- _Work order_:
Each line of the listing, apart from the pictures, is to be printed exactly.

- _Input data_:

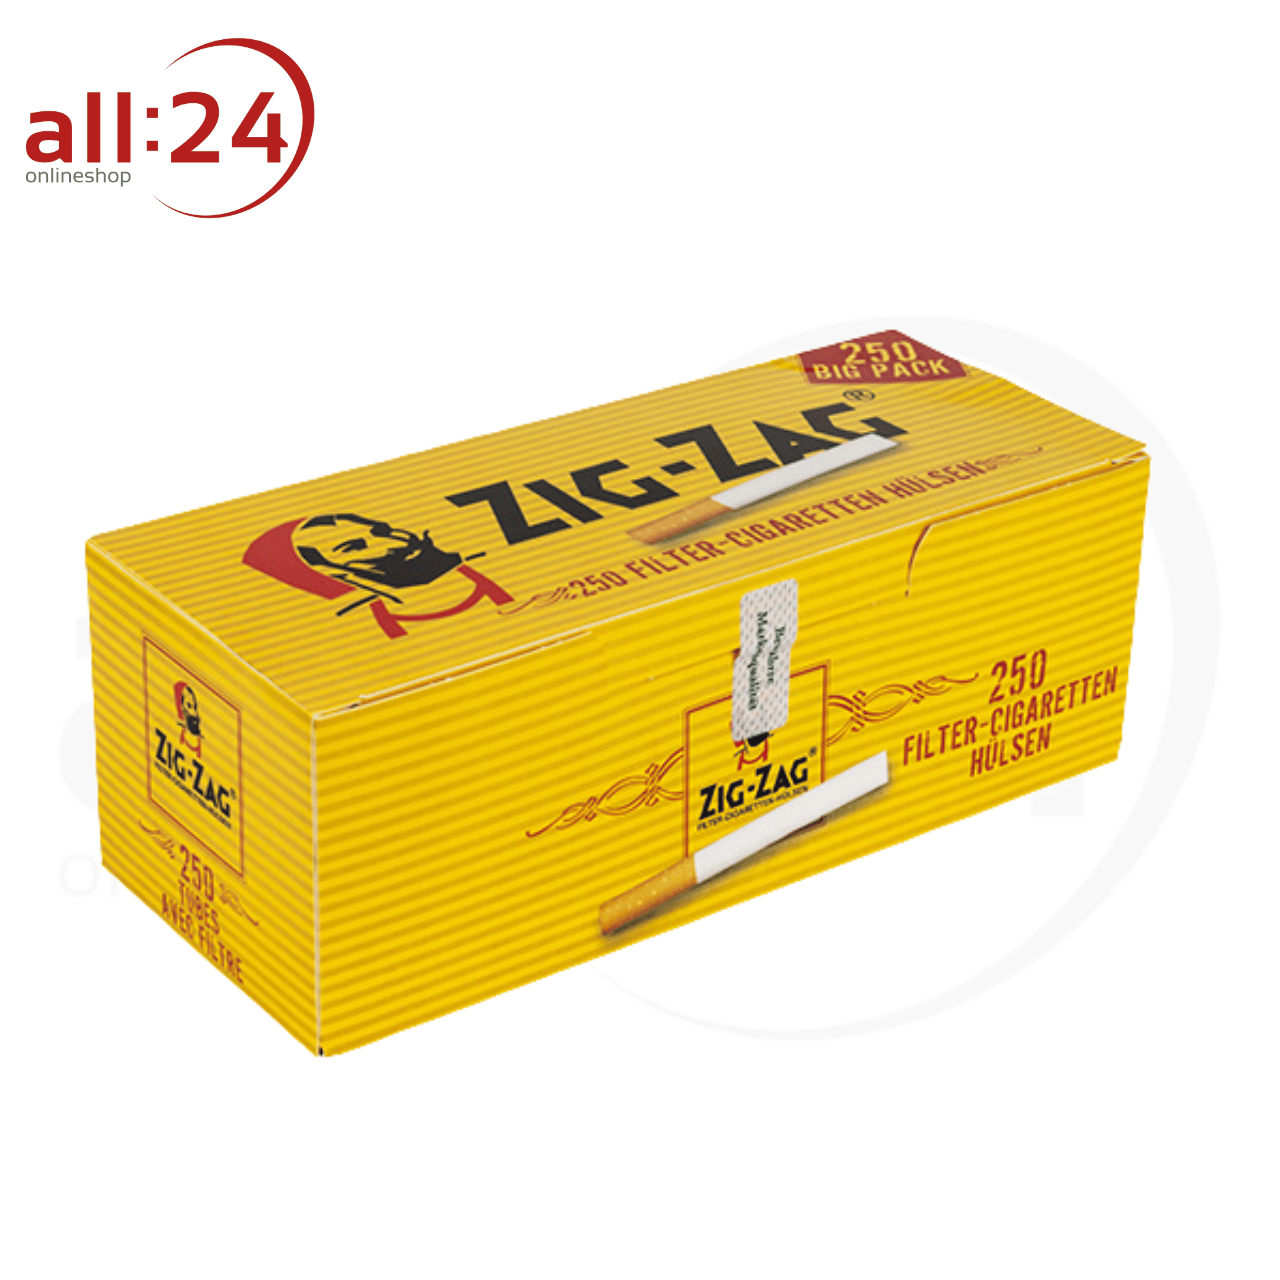 ZIG ZAG Filterhülsen - 1.000 Stück in 4 praktischen Packungen à 250 Stück 
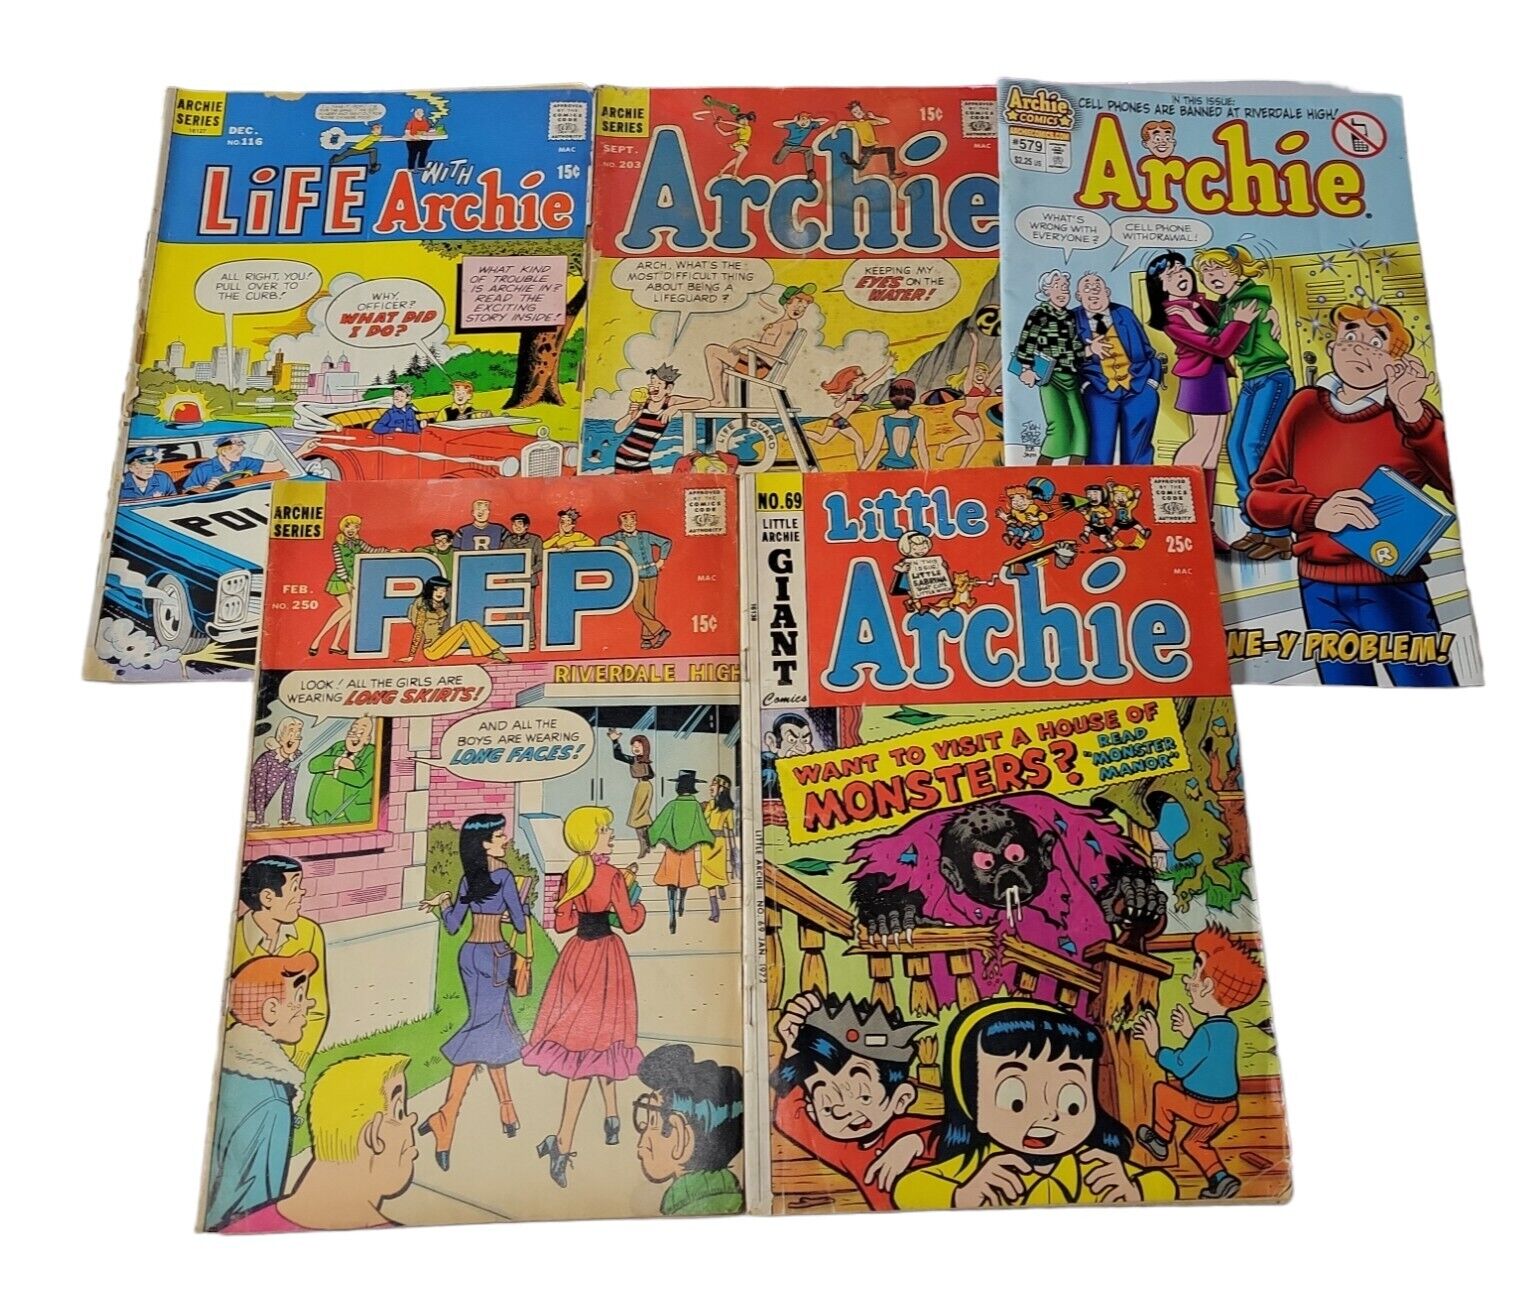 Vtg 1970s Archie Comics Life With Archie, Little Archie, PEP, 2007 Archie Fair
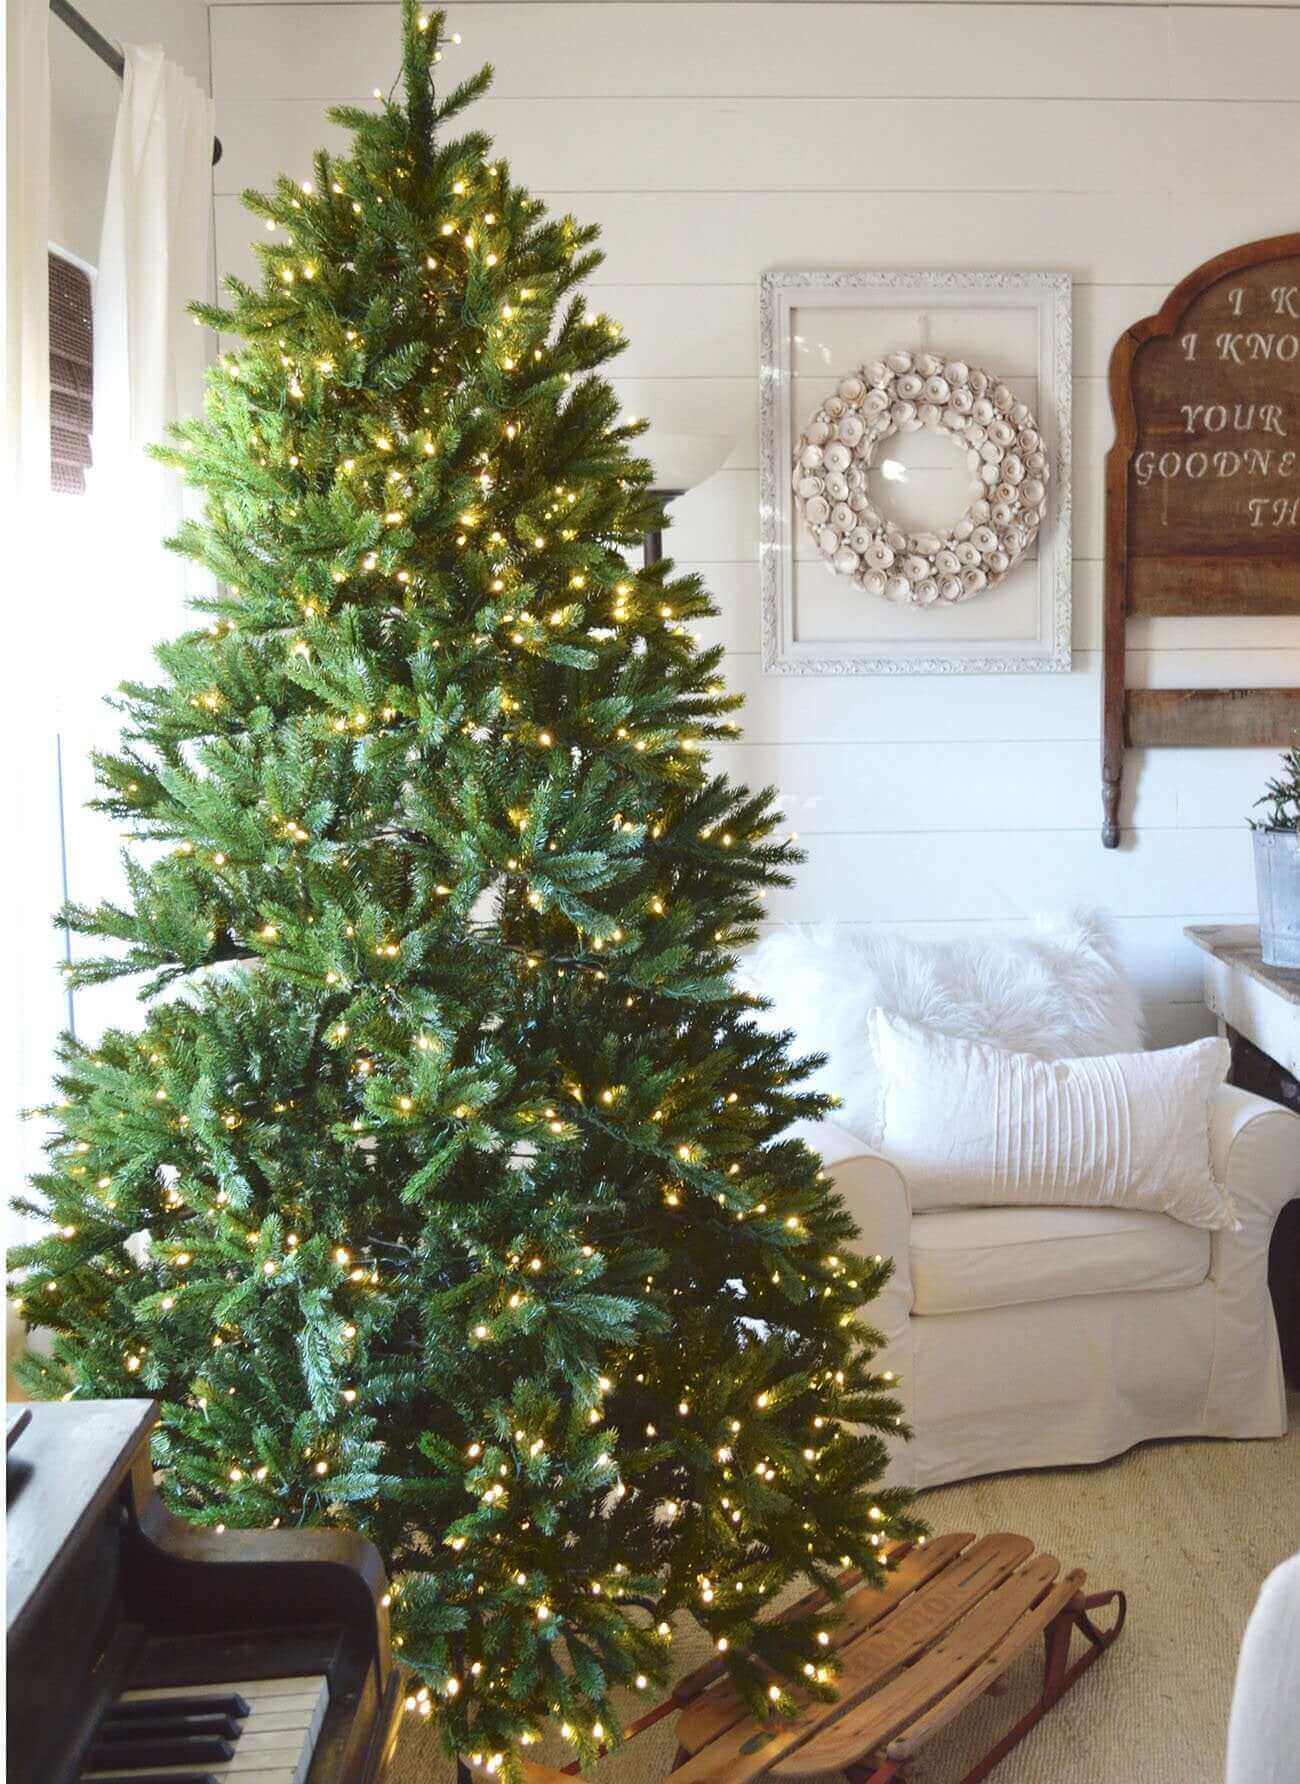 https://www.kingofchristmas.com/cdn/shop/products/7-5-Foot-King-Fraser-Fir-Quick-Shape-Christmas-Tree-Led-Lights_1_d67533d9-5449-404a-9c9e-ae7a18c4d84b.jpg?v=1694619495&width=1300

- _Final answer_:
 ZIG ZAG Filterhülsen - 1.000 Stück in 4 praktischen Packungen à 250 Stück 
 Vtg 1970s Archie Comics Life With Archie, Little Archie, PEP, 2007 Archie Fair
 https://www.kingofchristmas.com/cdn/shop/products/7-5-Foot-King-Fraser-Fir-Quick-Shape-Christmas-Tree-Led-Lights_1_d67533d9-5449-404a-9c9e-ae7a18c4d84b.jpg?v=1694619495&width=1300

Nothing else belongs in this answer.